Le maître d’ouvrage (SNCF Réseau) est chargé d’organiser la concertation, la CNDP n’ayant pas considéré, en septembre 2015, qu’il soit nécessaire d’organiser un nouveau débat public.

Cette concertation est essentielle pour que le public soit en mesure d’exercer le droit à l’information et à la participation que lui reconnait la Constitution.  Pour les phases 1 et 2 du projet, elle pourrait constituer le dernier grand moment de dialogue prévu avec le public, avant que ne s’engage, le cas échéant, les étapes successives de la décision publique : enquête publique, avis du Conseil d’Etat puis déclaration d’utilité publique.

Il est donc important pour tous que cette phase de concertation s’engage dans la clarté.

Le programme de cette nouvelle phase de concertation a été préparé par le maître d’ouvrage, les collectivités qui cofinancent les études et moi-même, avant d’être approuvé le 1er avril 2019 par le Comité des cofinanceurs du projet. Il répond à l’essentiel des attentes formulées par les associations lors du collège des acteurs réuni en mars 2019.

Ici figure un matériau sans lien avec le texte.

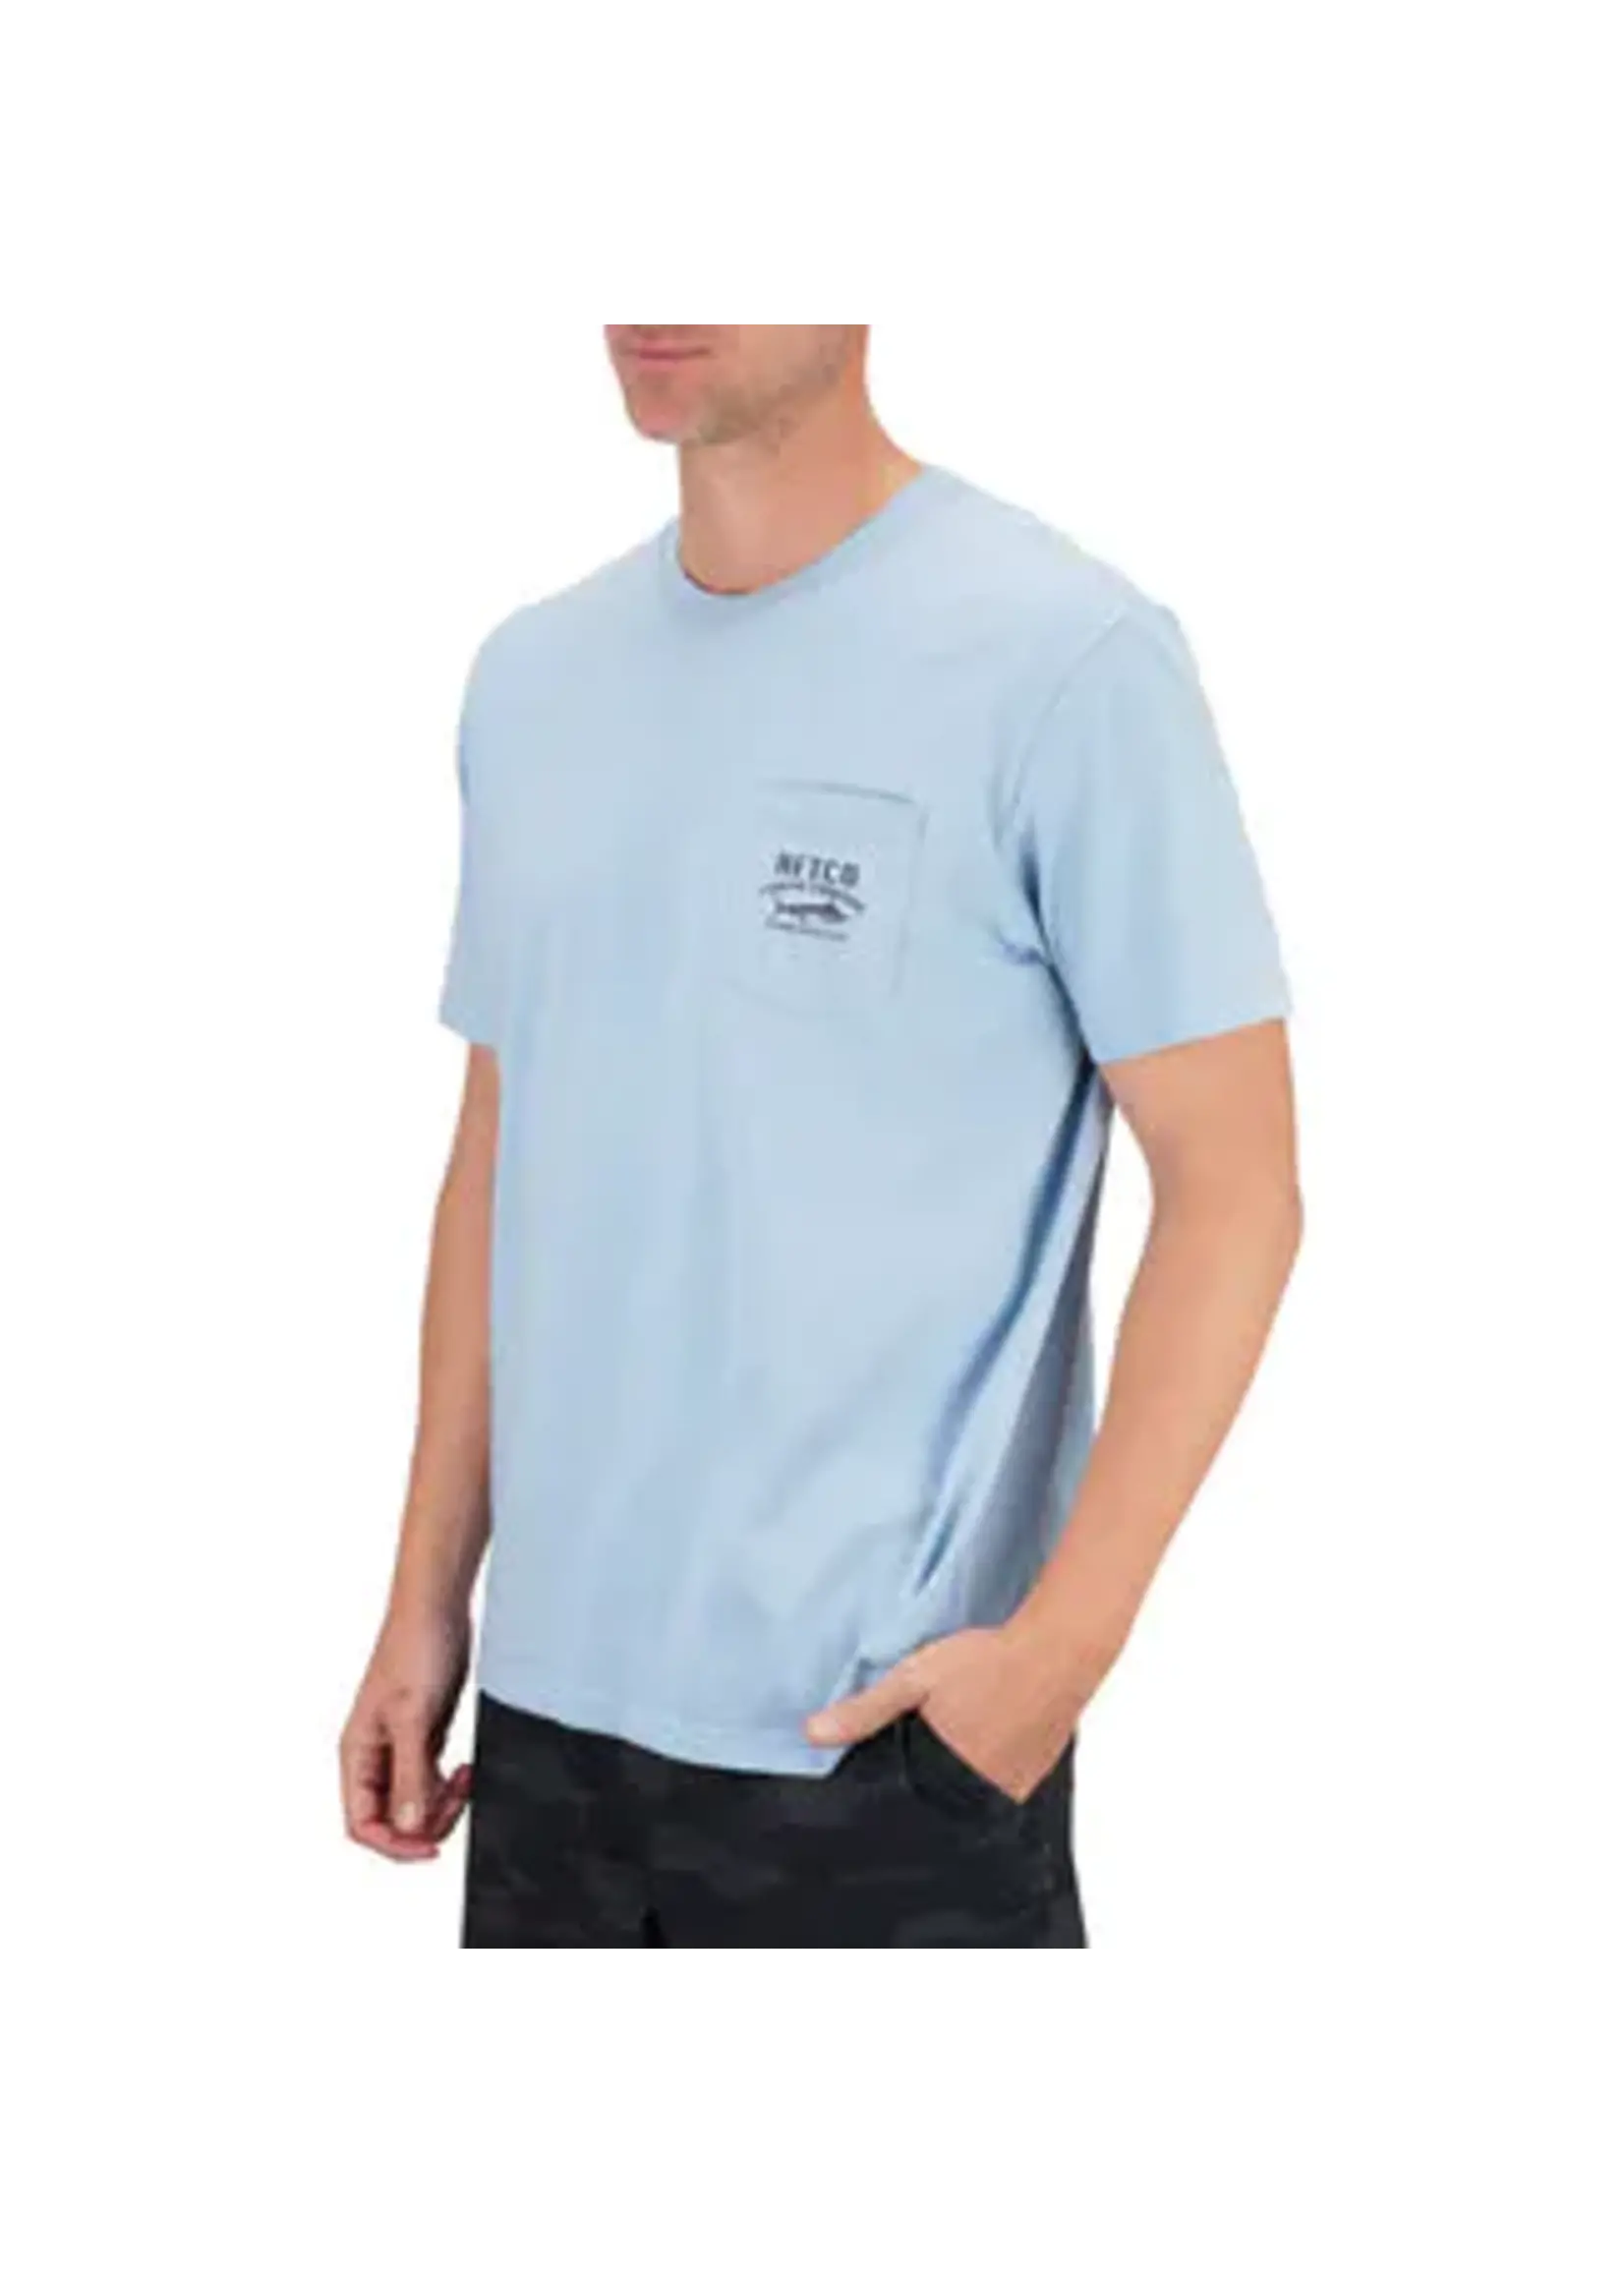 AFTCO Fishing Charters SS T Shirt

A l’occasion de l’examen du rapport que j’avais rendu à la Commission nationale du débat public après la phase de concertation de 2016, celle-ci avait insisté sur la nécessité de poursuivre la démarche de concertation, en souhaitant qu'une attention particulière soit accordée aux questions du public portant sur la saturation du réseau, sur le bilan socio-économique et sur le plan de financement du projet, ainsi que sur la prise en compte des risques environnementaux. Des ateliers permettront de dialoguer plus précisément sur ces points.

Le maître d’ouvrage ne sera toutefois pas en mesure de faire part de propositions sur le plan de financement du projet, compte tenu de la lettre ministérielle du 4 mars 2019. Cette absence devra être comblée, au moins sur le plan de l’information du public, avant une éventuelle enquête publique.

Je souhaite à chacun de participer à cette nouvelle phase de concertation au mieux de ses propres préoccupations.